» **DATA PROVIDED**:
——

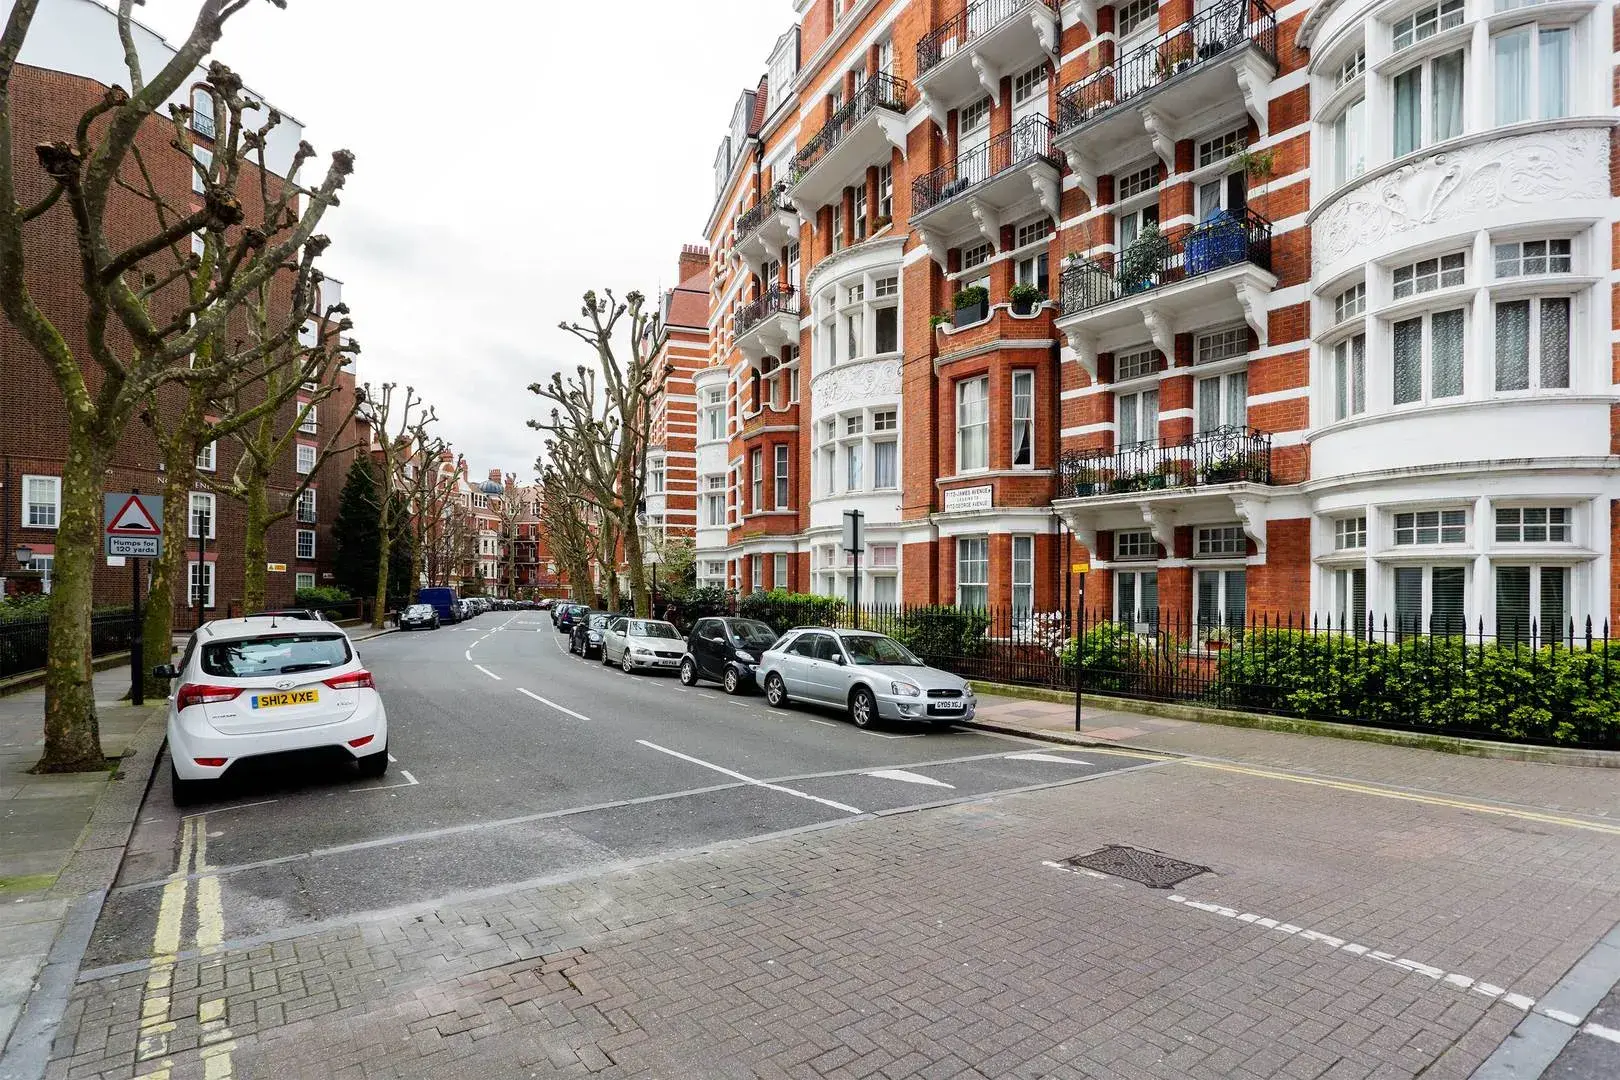 Fitzjames Avenue, holiday home in Kensington, London
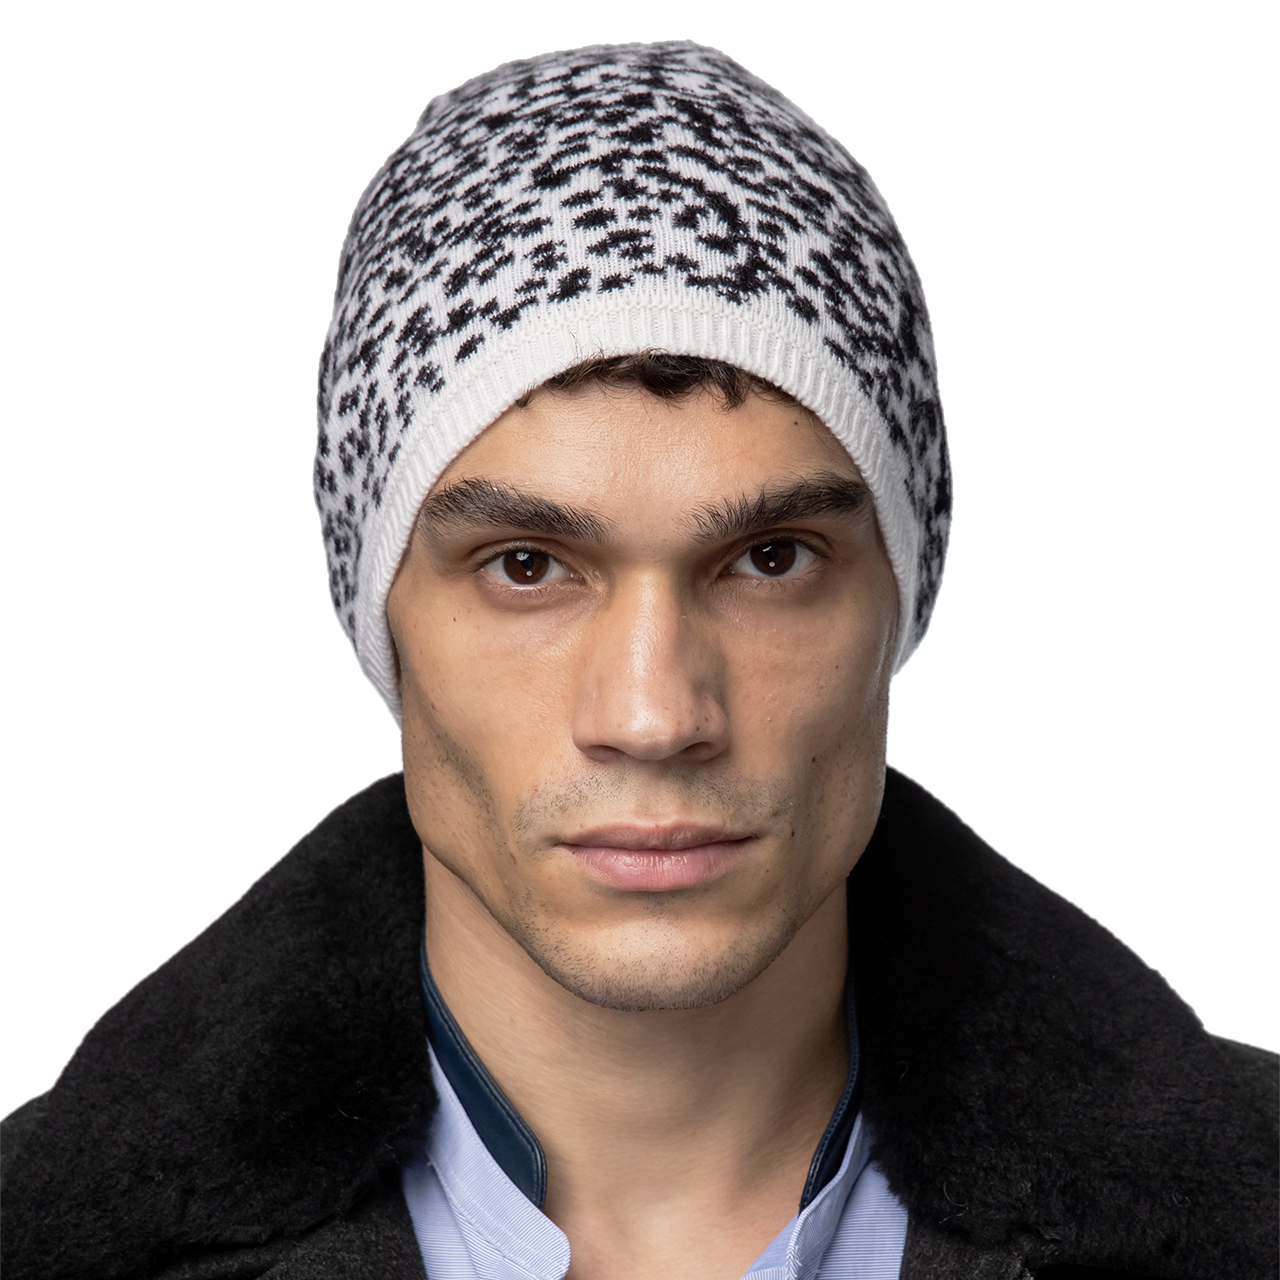 Cashmere Slouchy Beanie with Contrast Intarsia - Black/White
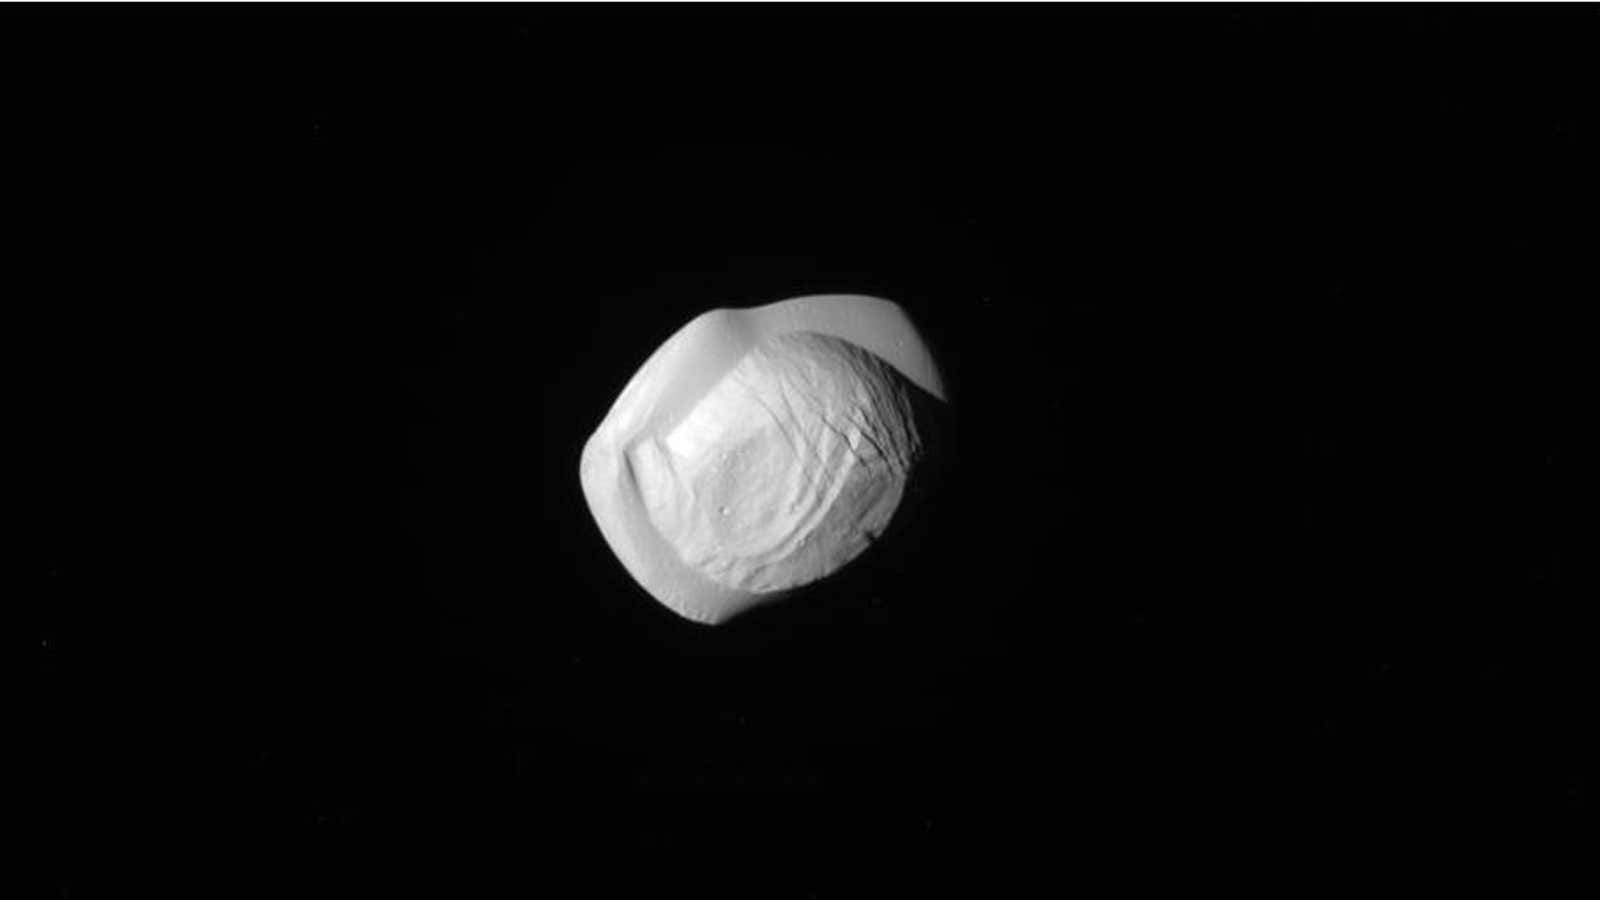 One of the closest image of Saturn’s moon Pan to date.

——

» **WHAT TO WORK ON**: None of the pictures should be reproduced; all other material above must be set down exactly.

» **COMPLETED TASK**:
 Fitzjames Avenue, holiday home in Kensington, London
 Cashmere Slouchy Beanie with Contrast Intarsia - Black/White
 One of the closest image of Saturn’s moon Pan to date.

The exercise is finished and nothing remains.